### [Supplied records]
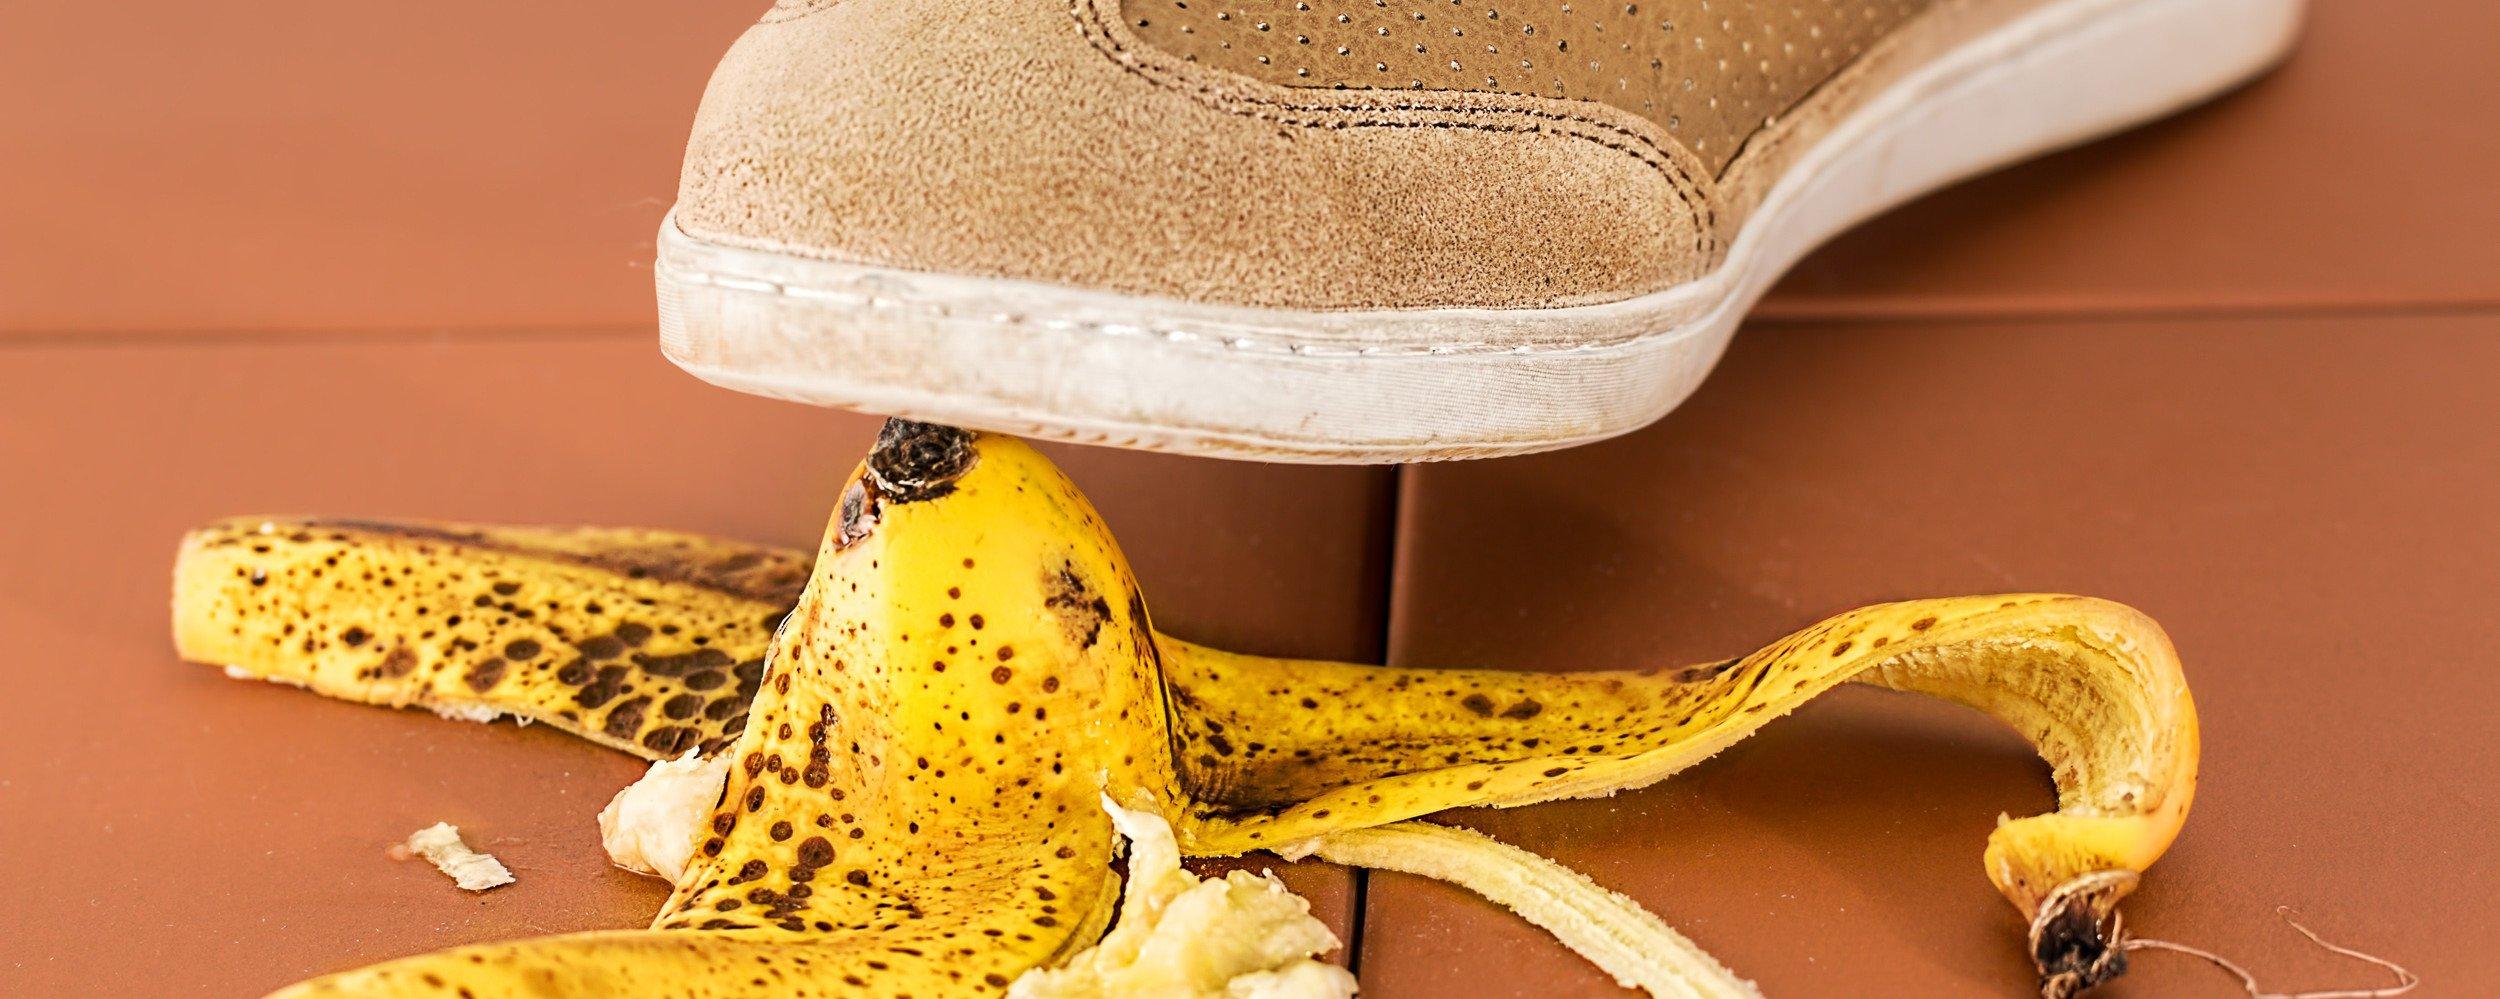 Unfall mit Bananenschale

* * *

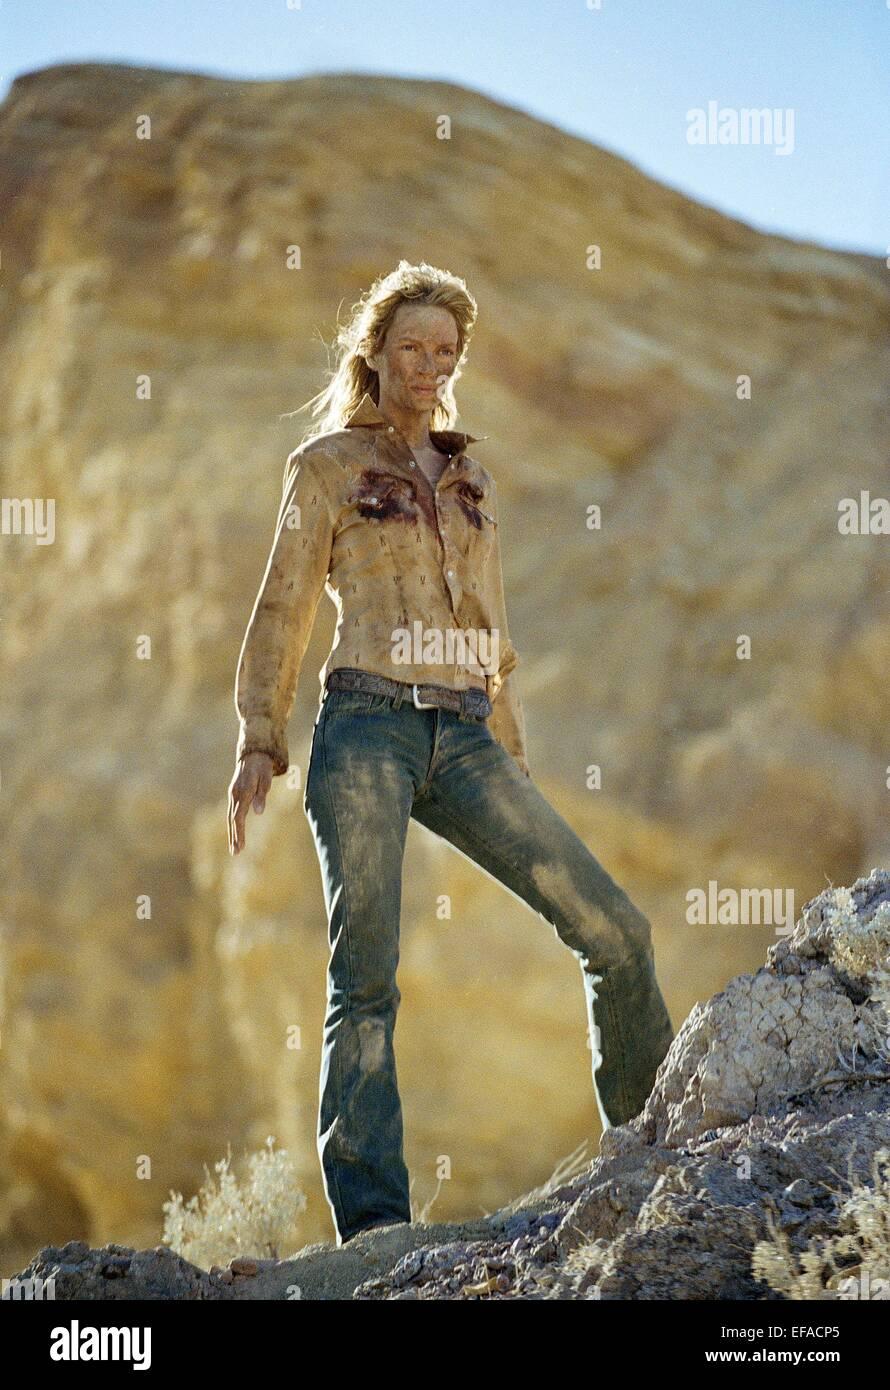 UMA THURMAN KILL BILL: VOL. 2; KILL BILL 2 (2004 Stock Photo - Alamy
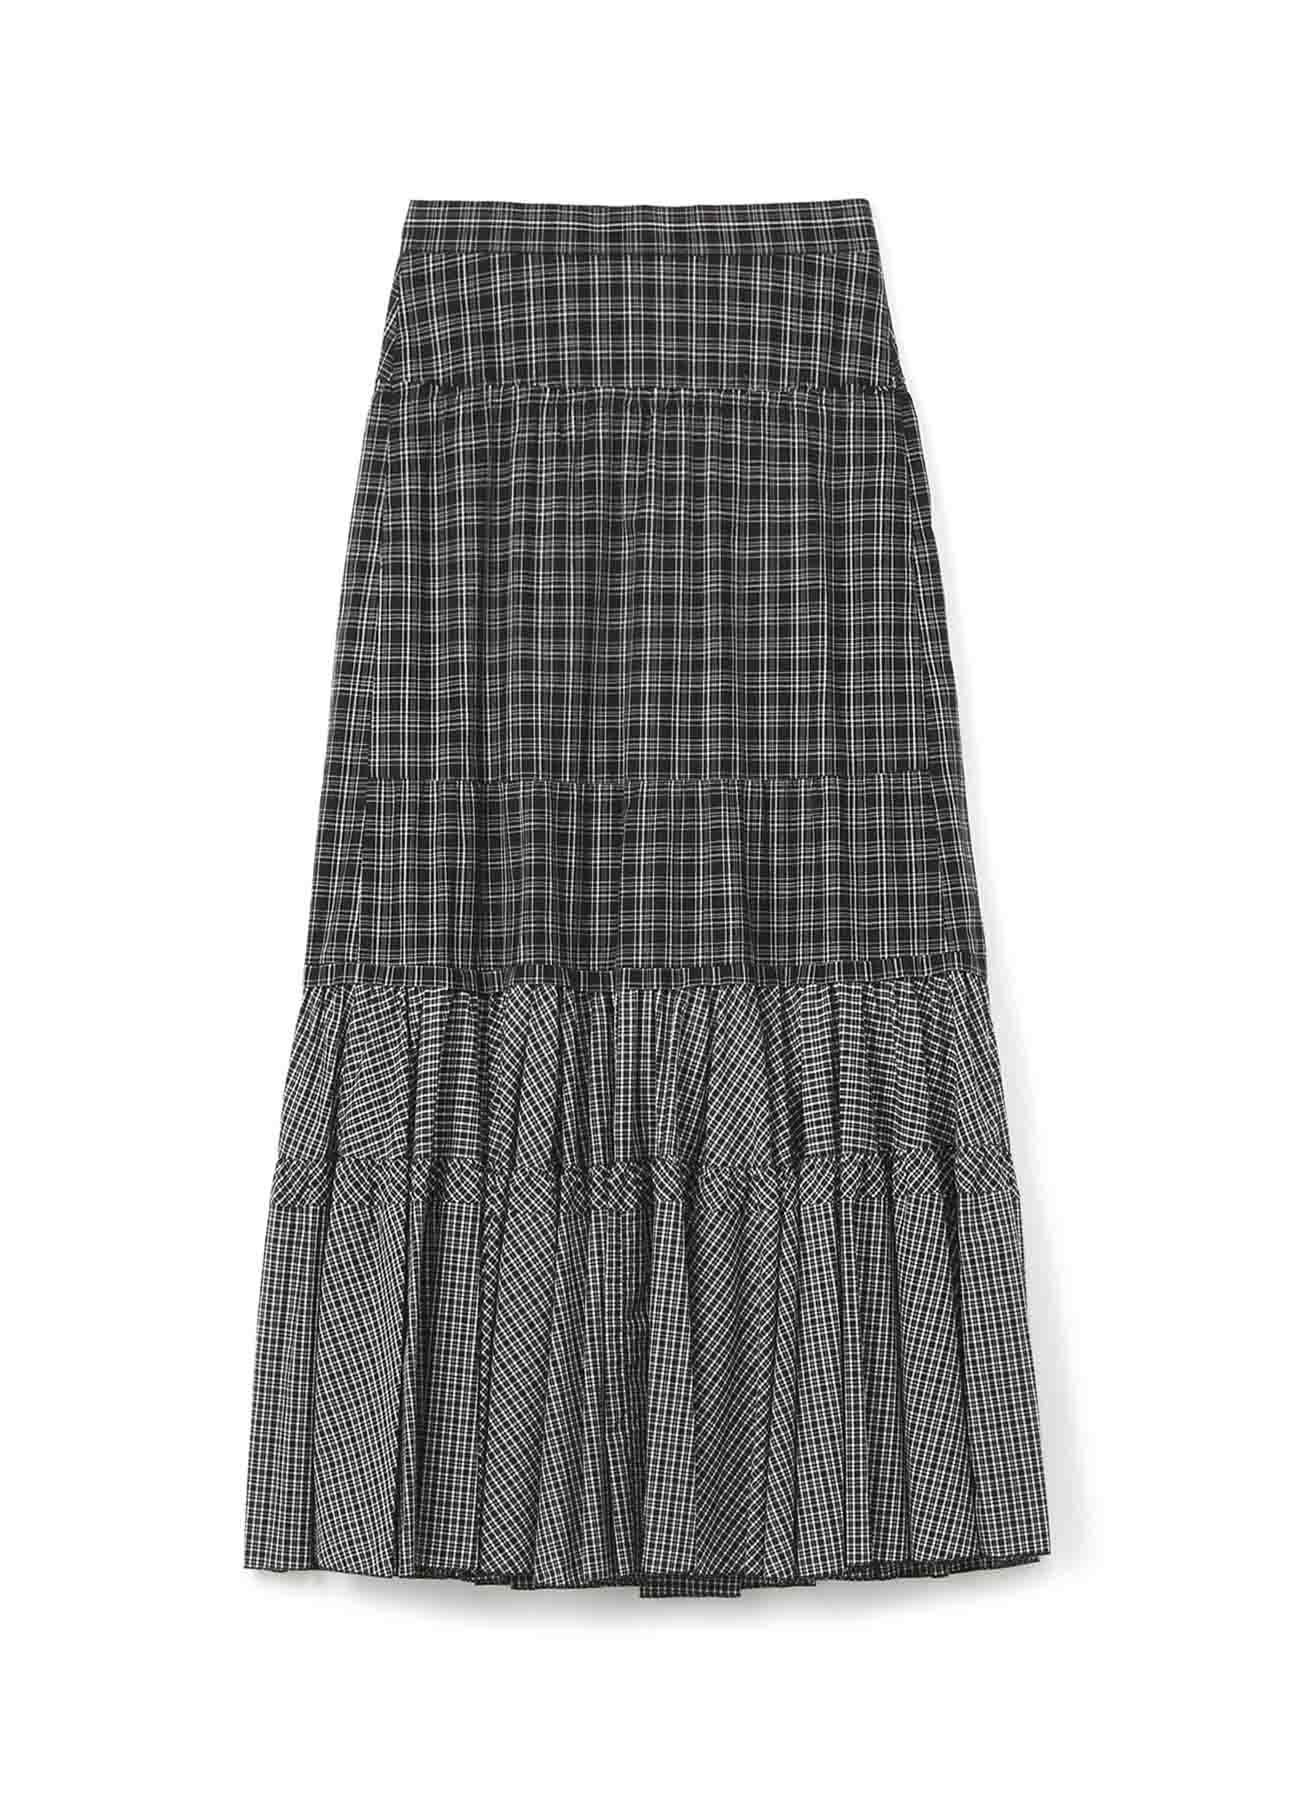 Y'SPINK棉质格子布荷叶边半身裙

...

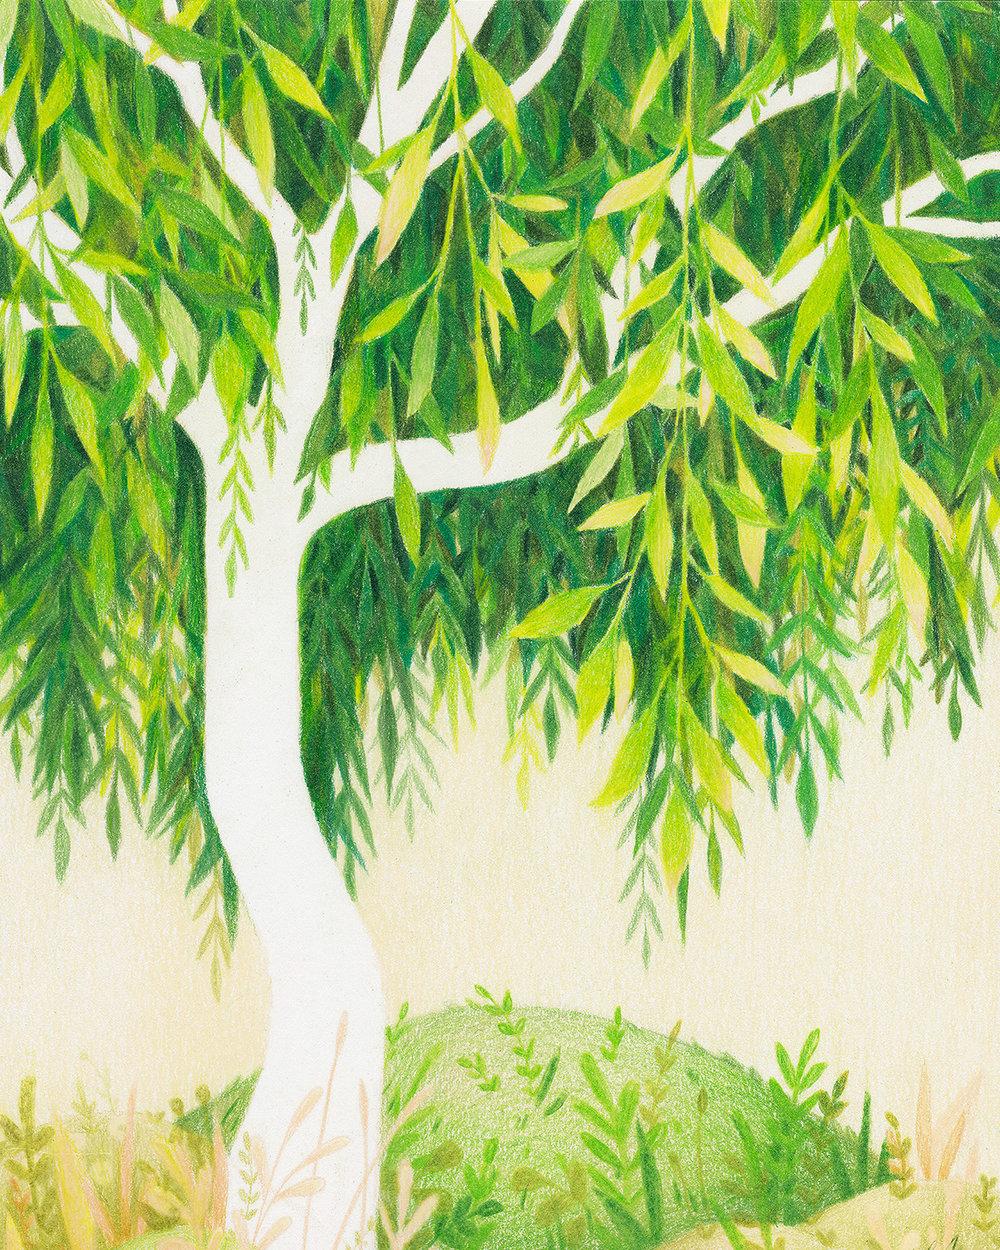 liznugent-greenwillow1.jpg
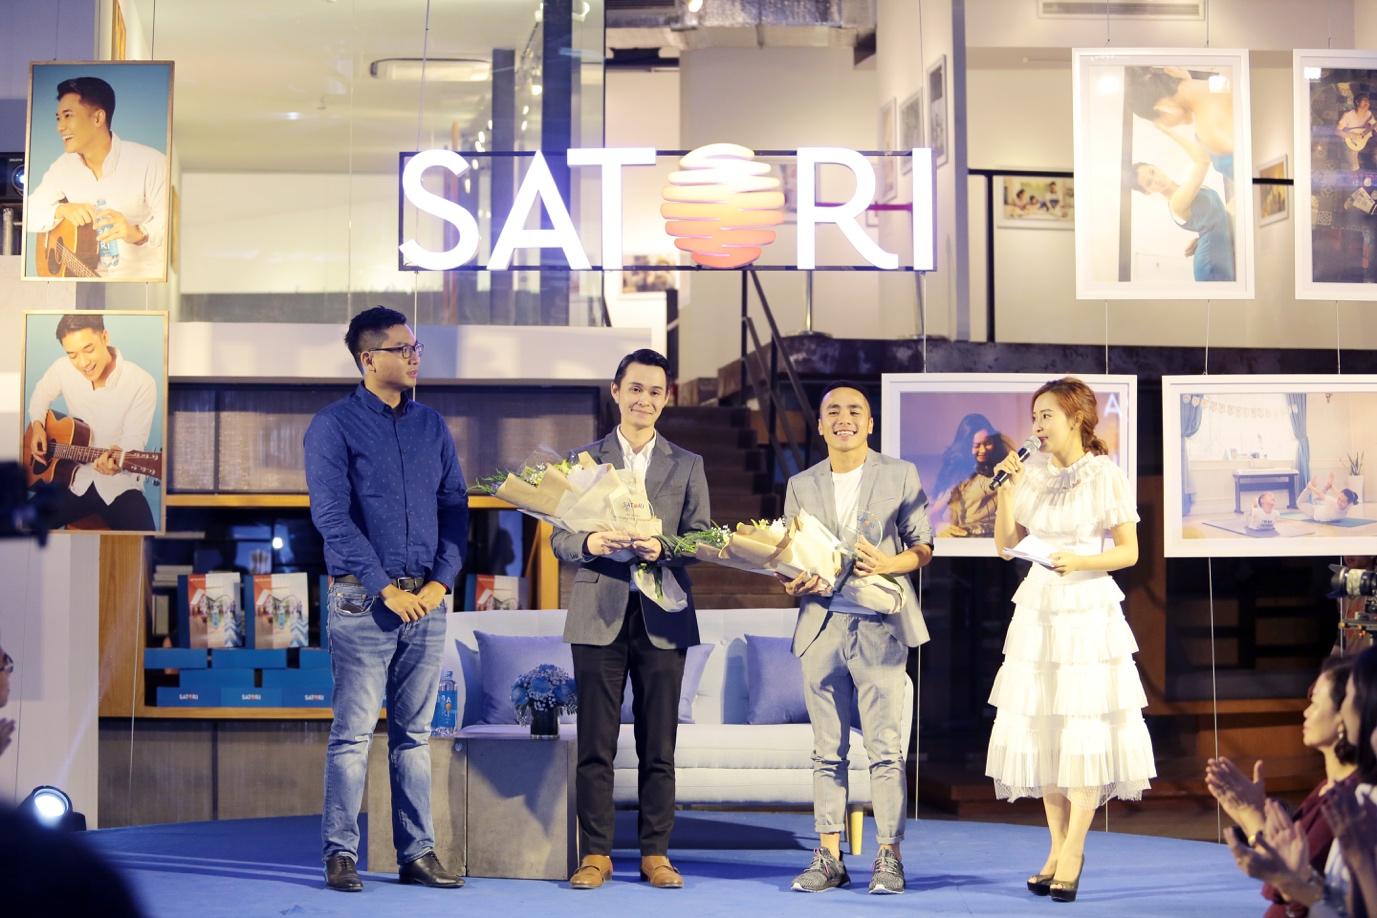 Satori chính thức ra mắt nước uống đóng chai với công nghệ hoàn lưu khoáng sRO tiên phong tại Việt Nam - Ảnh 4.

### [Task brief]
Pictures aside, print exactly the lines above starting with the one containing "UMA THURMAN KILL" and going on through the one containing "Y'SPINK棉质格子布荷叶边半身裙".

### [Result of the exercise]
 UMA THURMAN KILL BILL: VOL. 2; KILL BILL 2 (2004 Stock Photo - Alamy
 Y'SPINK棉质格子布荷叶边半身裙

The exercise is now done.